Johnny Phillips: Peerless Deano still classiest defender I have seen at Wolves

It’s 10 years since Dean Richards passed away so tragically.

Dean Richards
Dean Richards

Paul Berry reminded us all of just how loved he was in his brilliant tribute to the former Wolves defender in this newspaper this week.

Former colleagues spoke lovingly of their time with the player, who was respected for his life on and off the pitch. As a supporter, I remember the arrival of the gifted central defender, on loan from Bradford City, as if it was yesterday. Manager Graham Taylor’s madcap 1994/95 season was in its latter stages and the injury list was lengthening at Molineux.

I was a student in Leeds at the time and knew a couple of Bradford fans, who spoke glowingly of the player’s abilities. His capture seemed like a coup of sorts. Why hadn’t a decent Premier League team snapped him up, rather than First Division hopefuls Wolves?

From the moment he first stepped on to the pitch, Richards represented something so different to anything I had previously witnessed at the back for Wolves.

The Graham Turner era defenders were as honest as they come. Everything was left out on the pitch, but they looked like they toiled in their work. Richards was something else. Defenders don’t glide across the turf, but he did.

It all seemed so graceful and effortless. As with many of his predecessors, injuries would rob Wolves of his best days, but Richards left an indelible mark. A quarter of a century on, there has not been a more gifted centre-half to wear the gold and black. Some have gone on to greater achievements, but none have had the class of Dean Richards.

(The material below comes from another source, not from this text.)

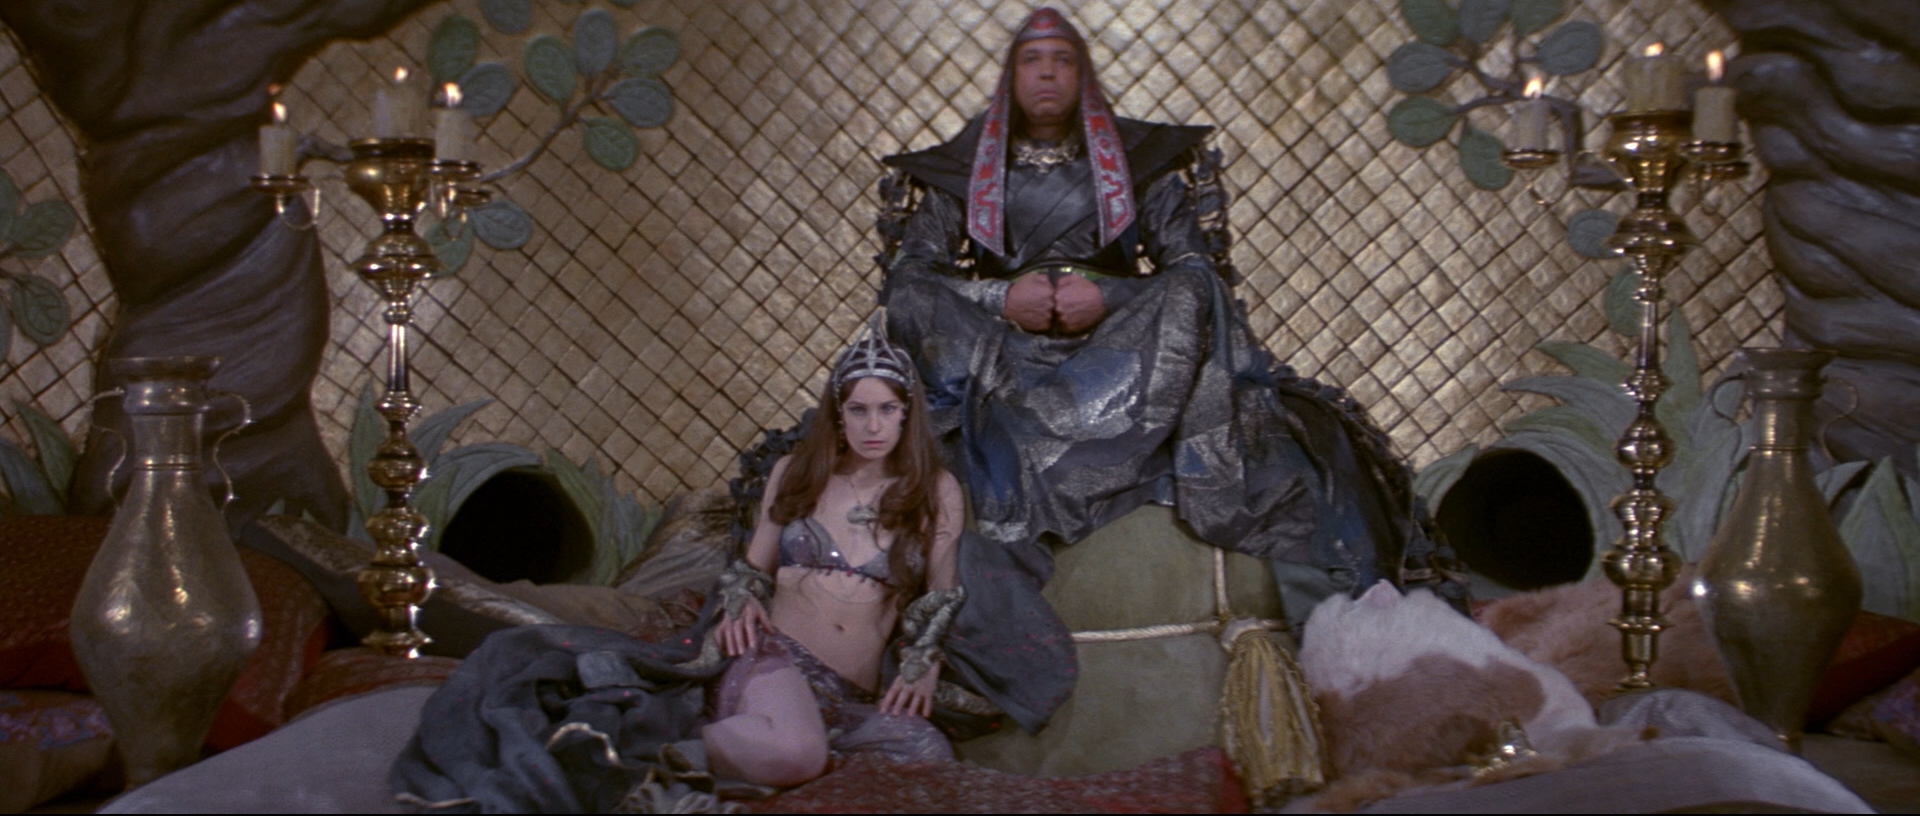 фильм белые рабыни девственницы

n A trait of the Nuno-inspired success at Wolves in the last four years has been the supporter-led media content. A raft of podcasts have sprung up in recent years dedicated to the club. One of those, The Wolf Whistle, has now been accompanied by a book raising money for charity.

The Wolf Whistle founder, Jason Guy, has brought out a written version of the podcasts, Tales From The Tape, which tells the stories of 36 former Wolves players and managers from the last 50 years at Molineux.

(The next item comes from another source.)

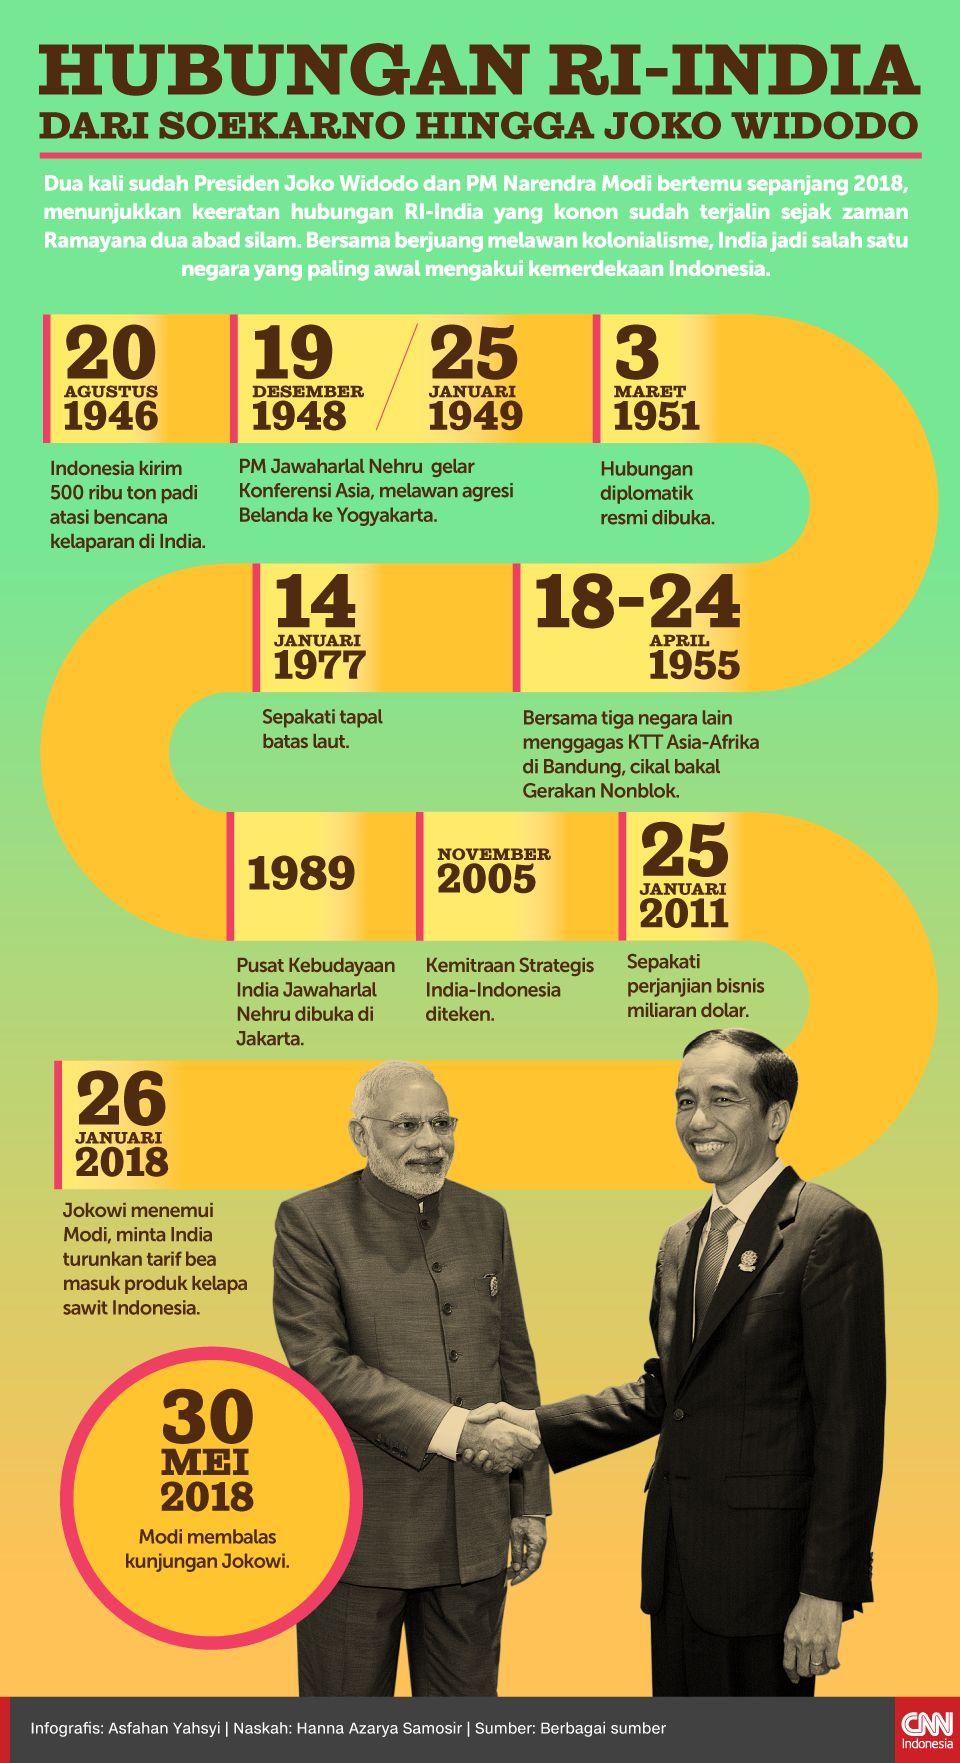 Infografis Hubungan RI-India, dari Soekarno hingga Joko Widodo

The 350-page hardback has already sold over 700 copies, raising over £6,000 for Breast Cancer Now and the neonatal department at Wolverhampton’s New Cross Hospital. Guy is already familiar to many supporters, having hosted many nights with former players at the Mount Hotel in recent years.

Guy admits to being overwhelmed by the success of the book and is delighted at the funds already raised for two charities close to his heart.